- Required work
Exactly as they stand, copy the lines from the one containing "Harmonic Bow Chrome" to the final line of the data; leave out the pictures.

- Material provided
--

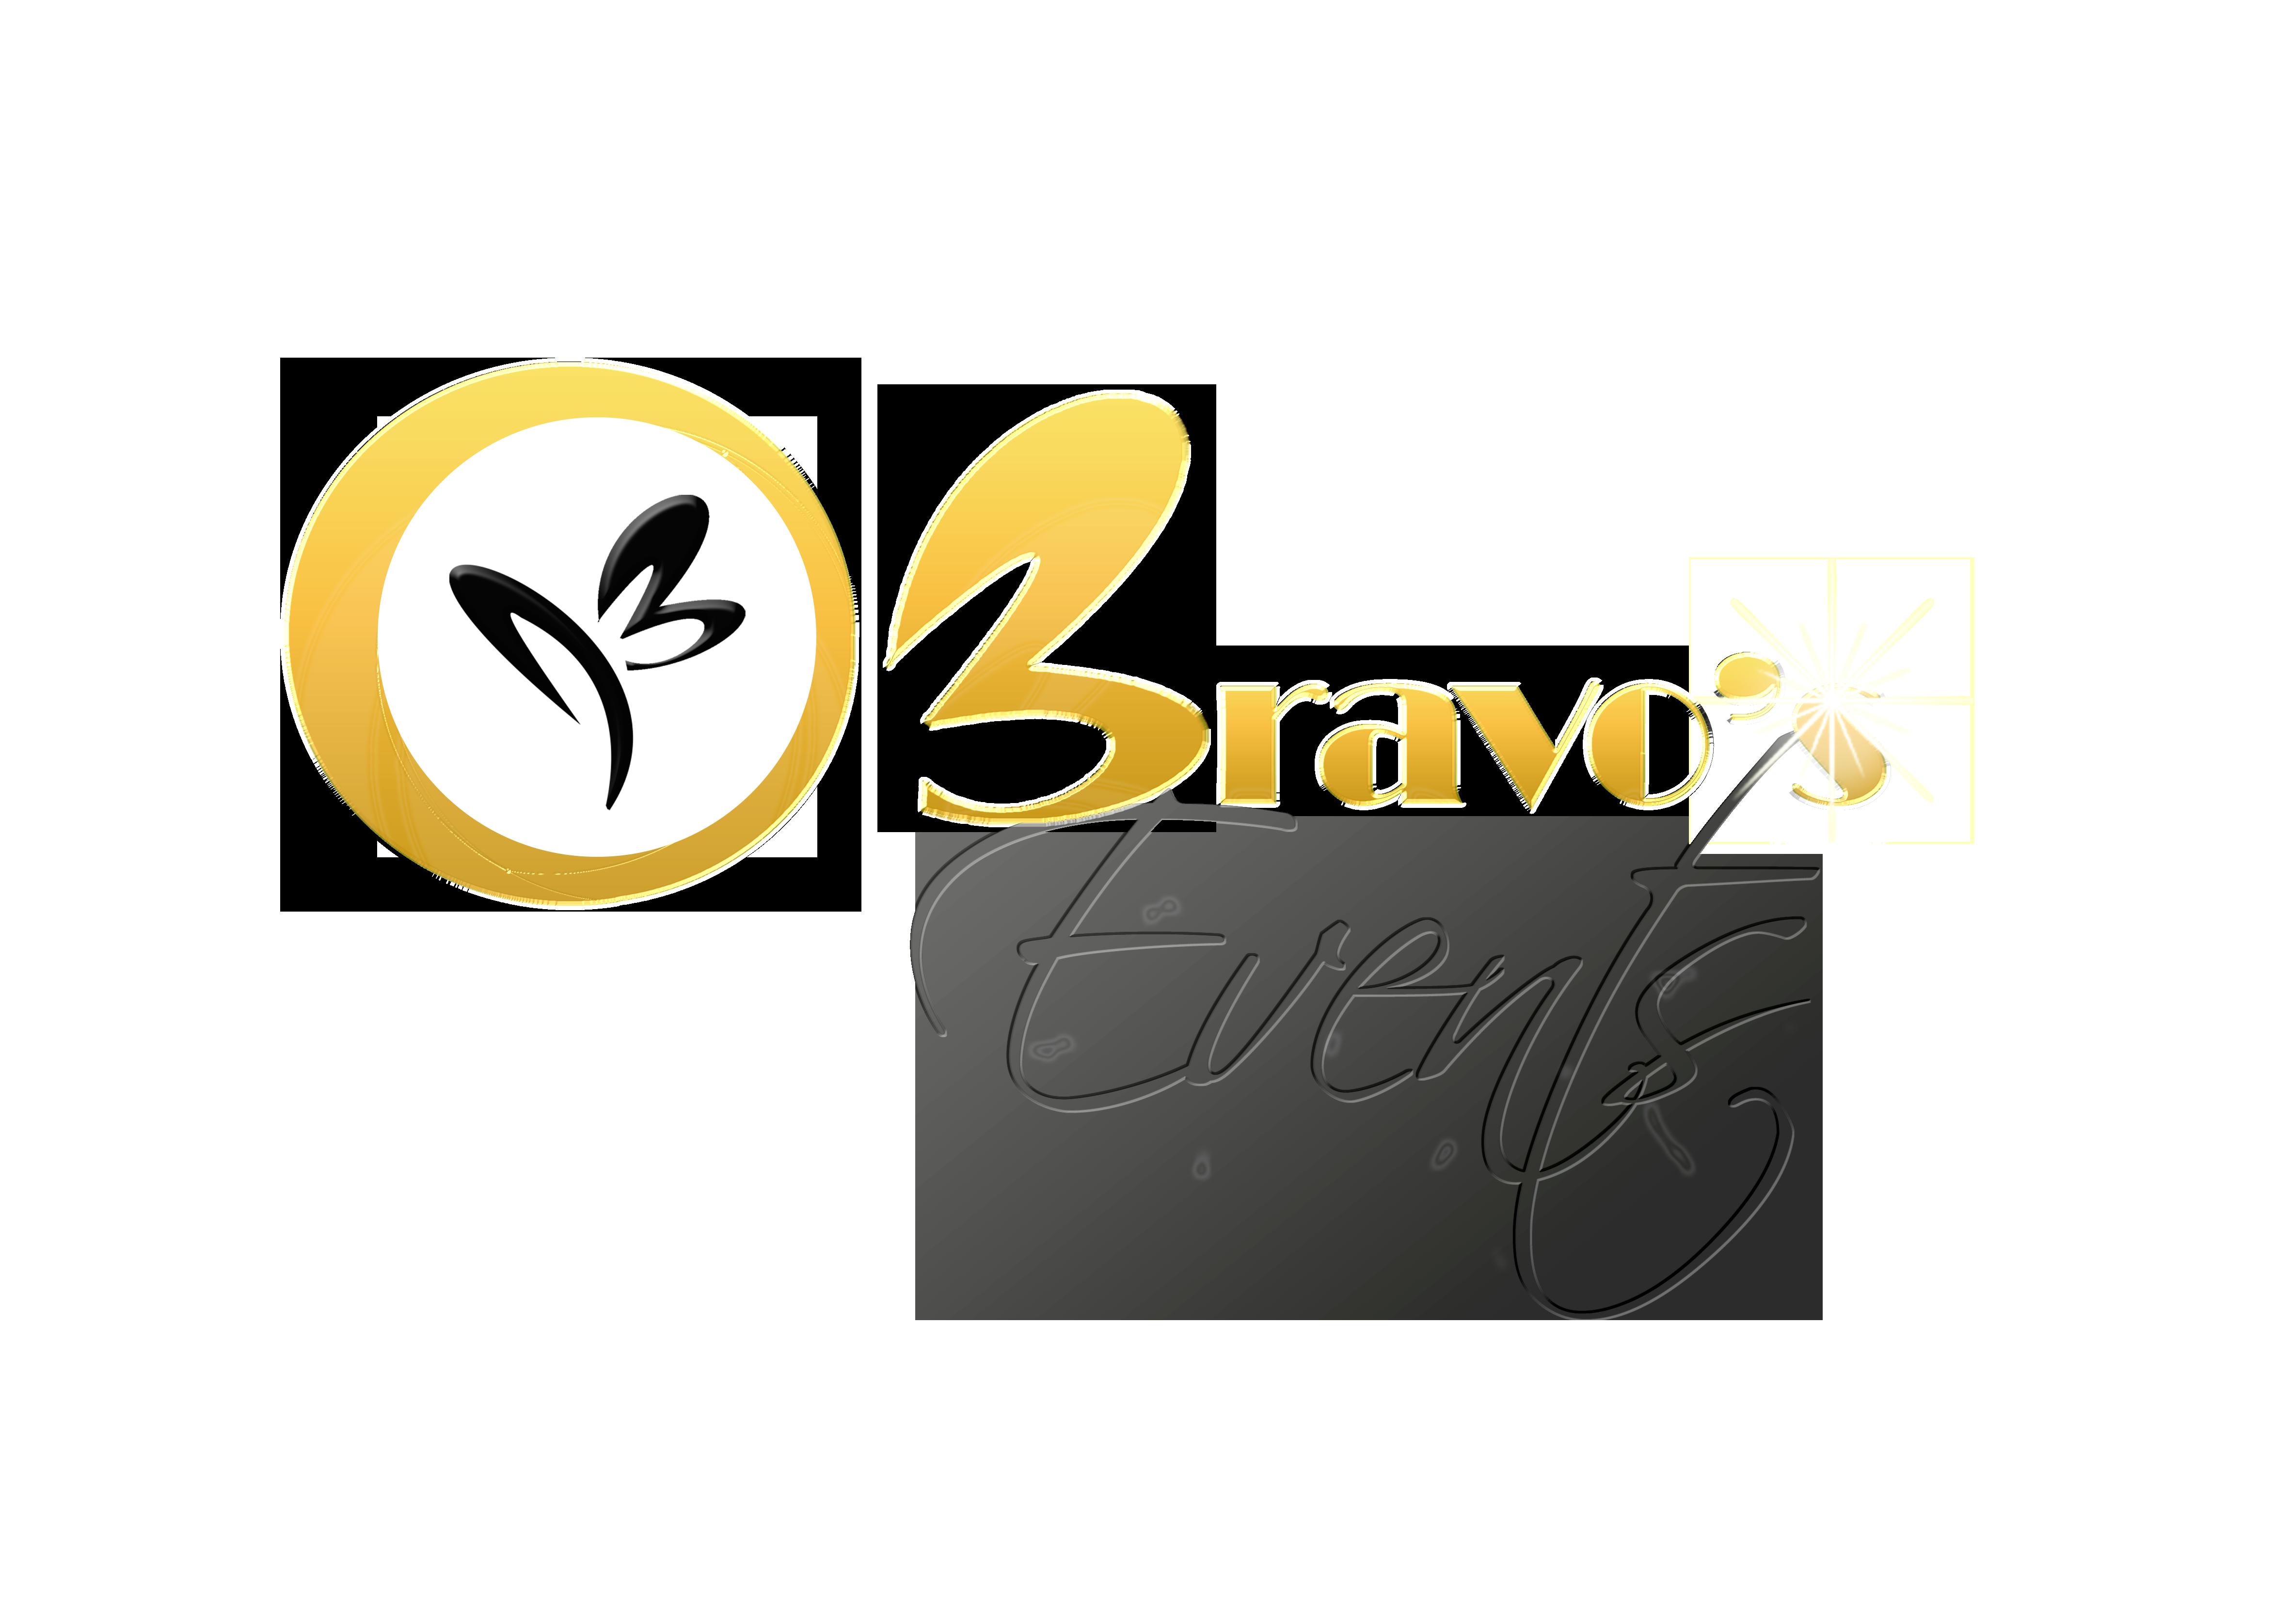 Bravo's Event - New Logo!
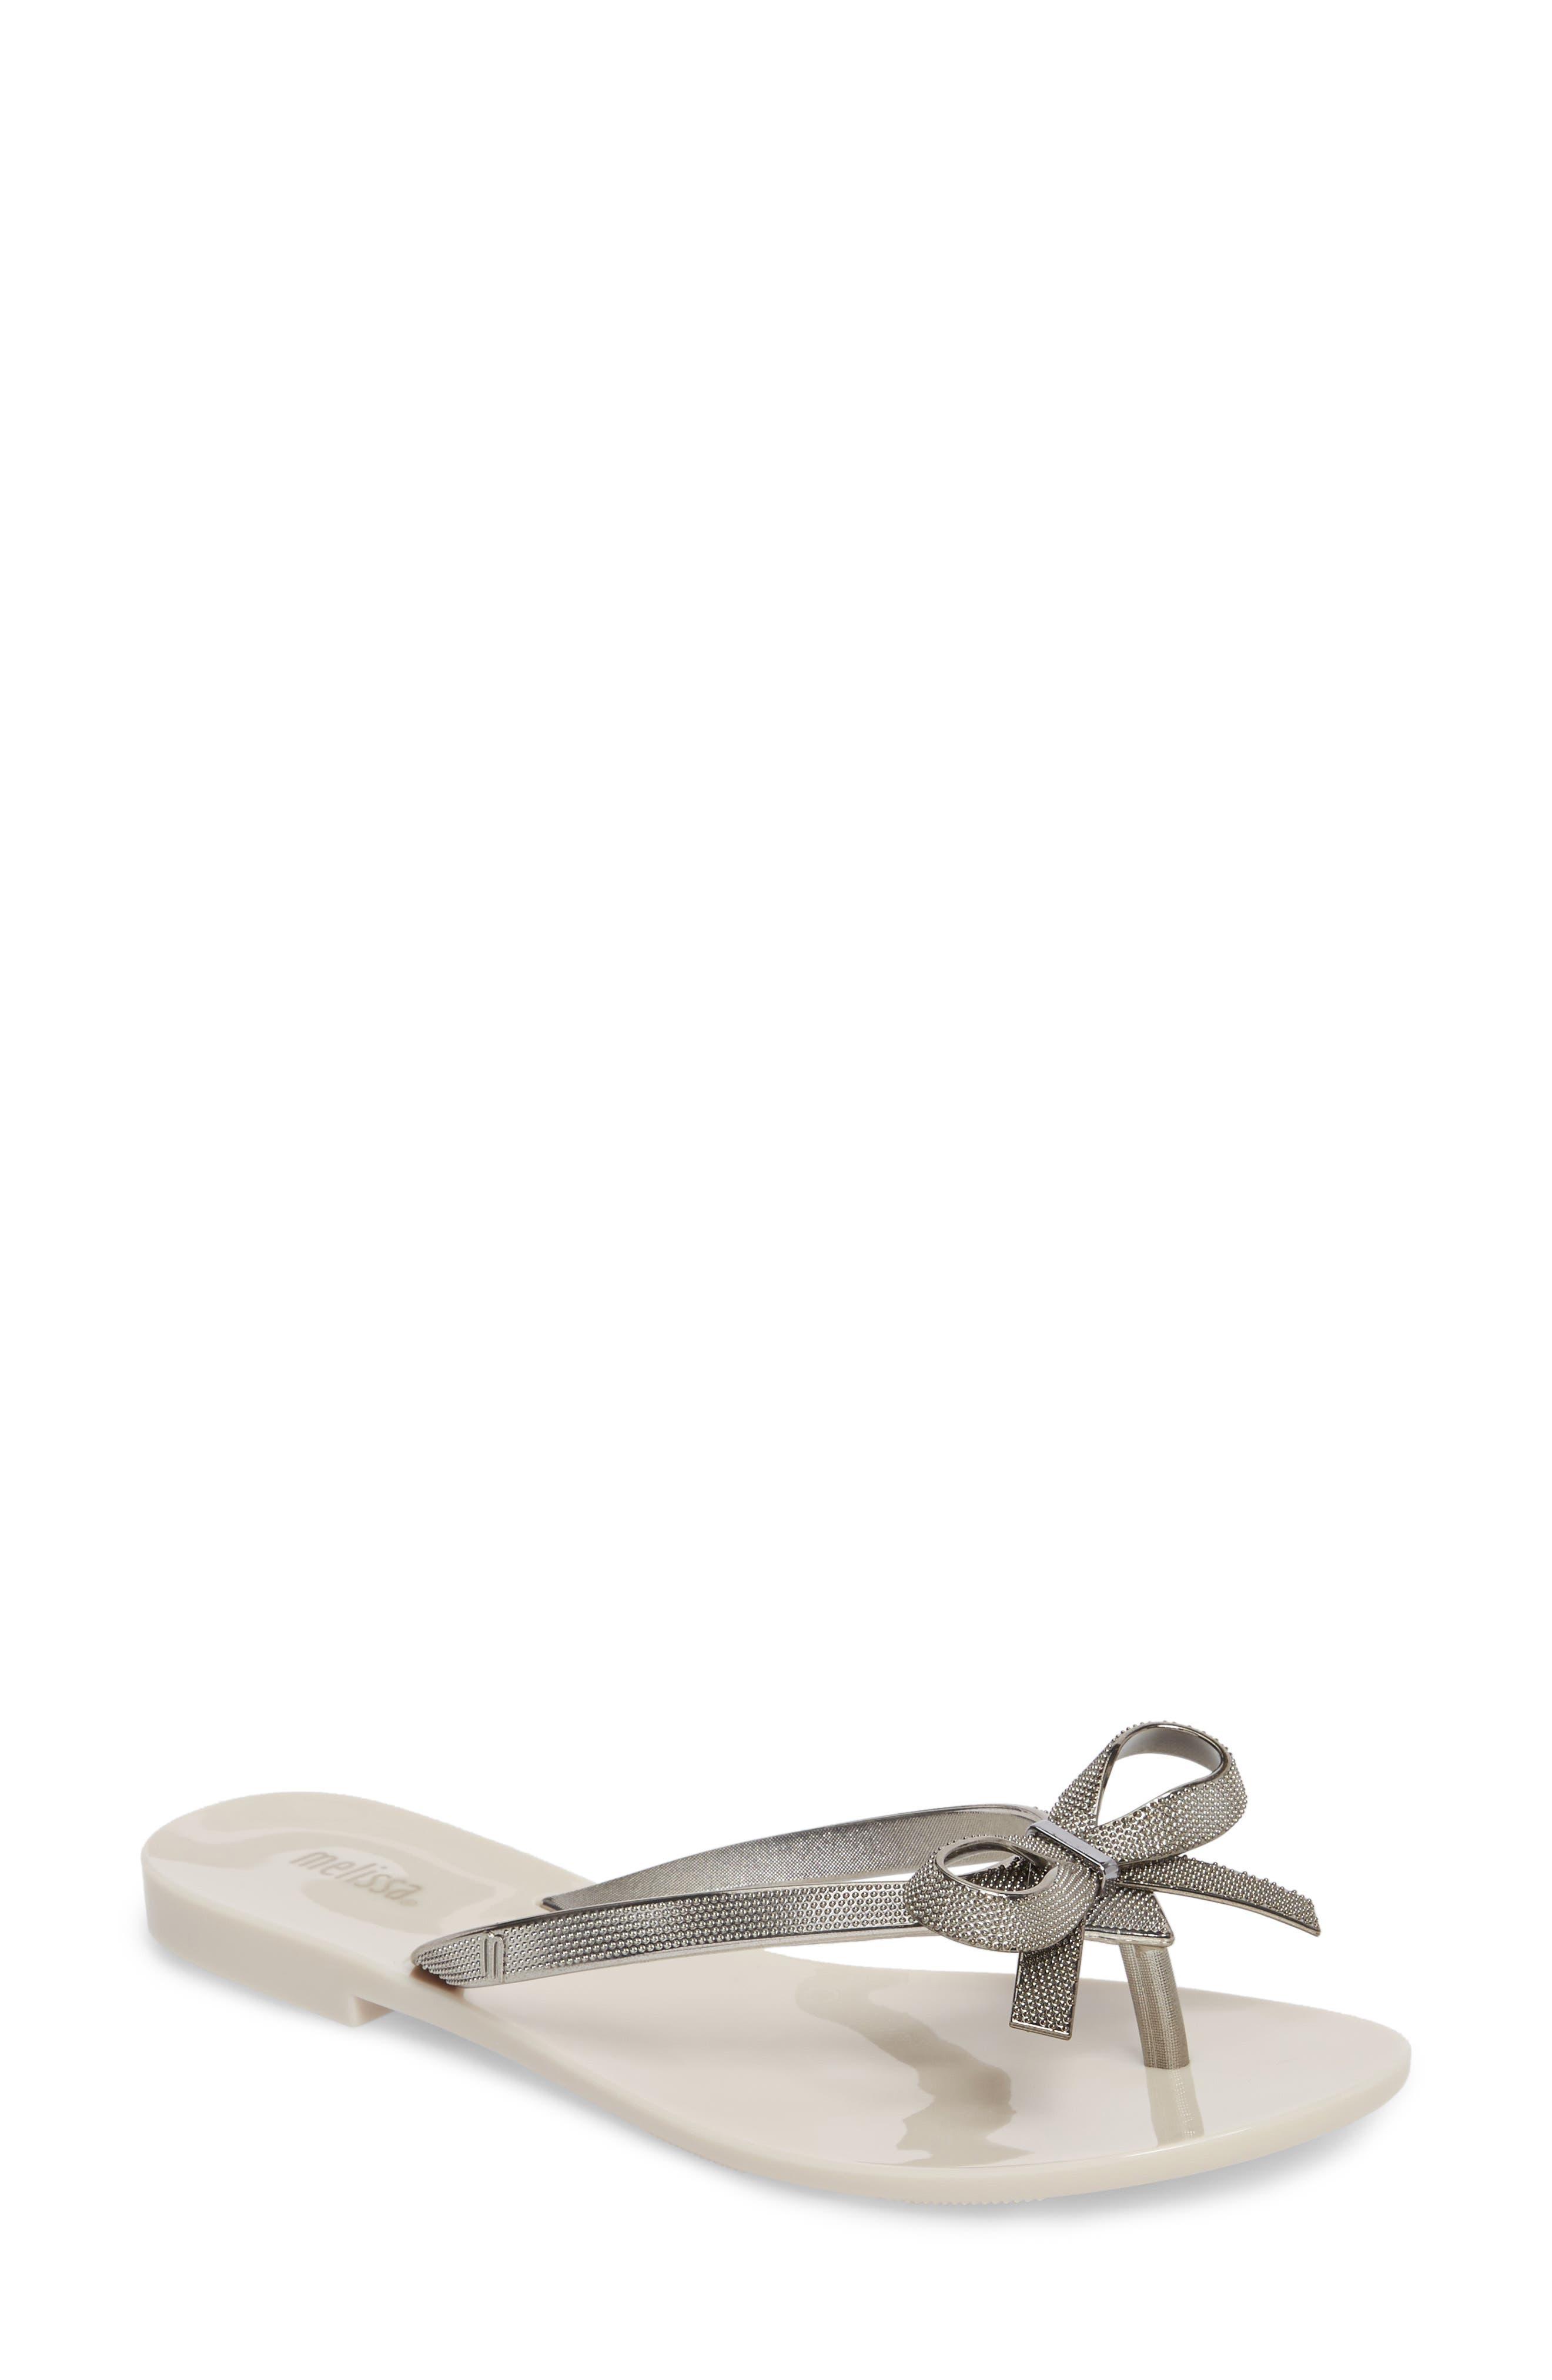 Harmonic Bow Chrome II Sandal,                         Main,                         color, 040
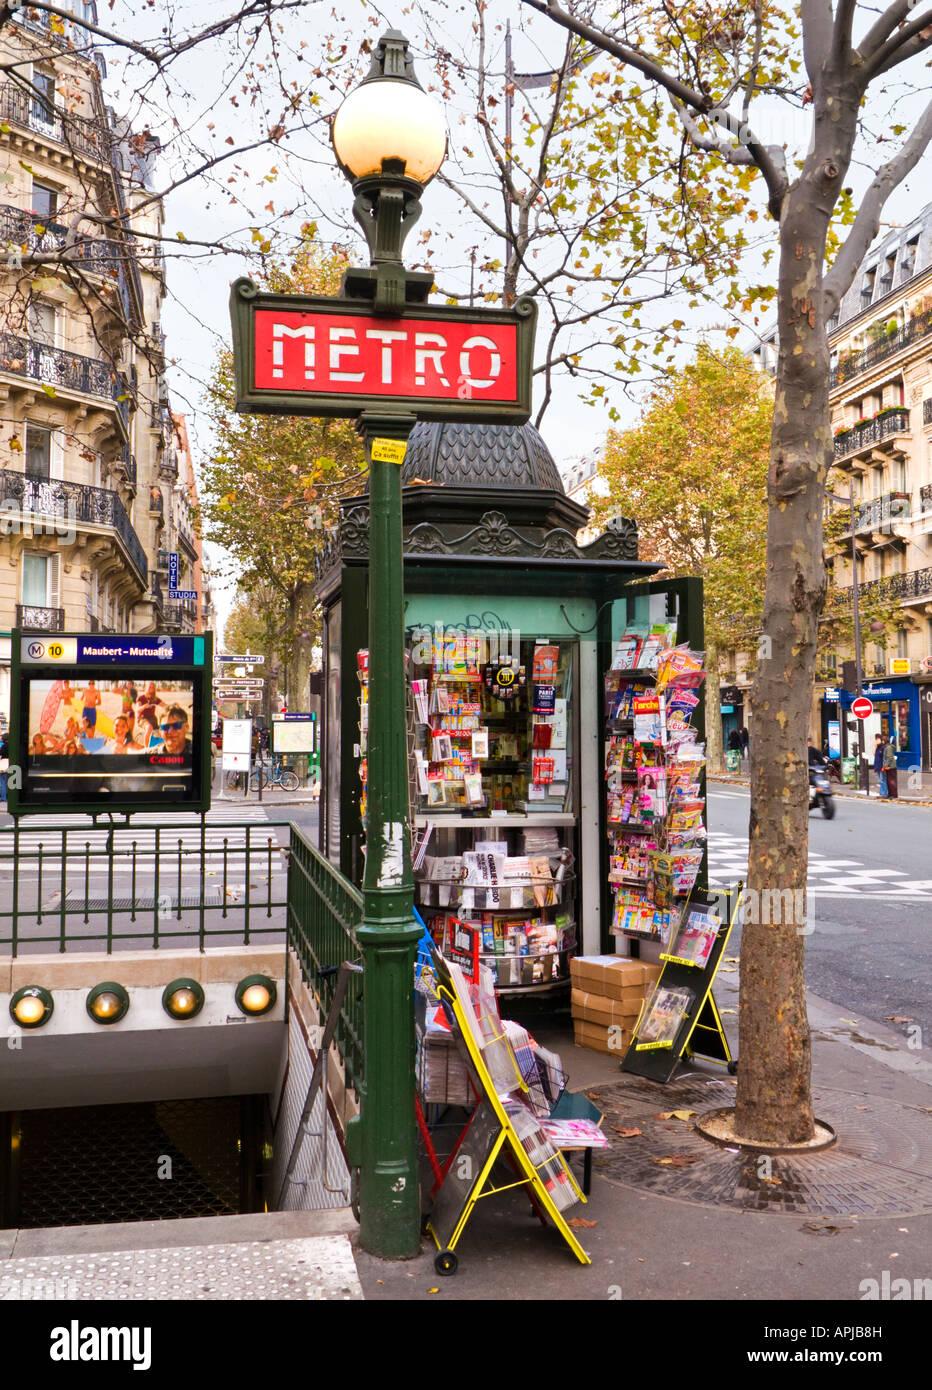 Eingang zur Paris Metro-Station, Place Monge, auf dem Boulevard Saint-Germain Stockbild

--

- Answer area
 Harmonic Bow Chrome II Sandal,                         Main,                         color, 040
 Eingang zur Paris Metro-Station, Place Monge, auf dem Boulevard Saint-Germain Stockbild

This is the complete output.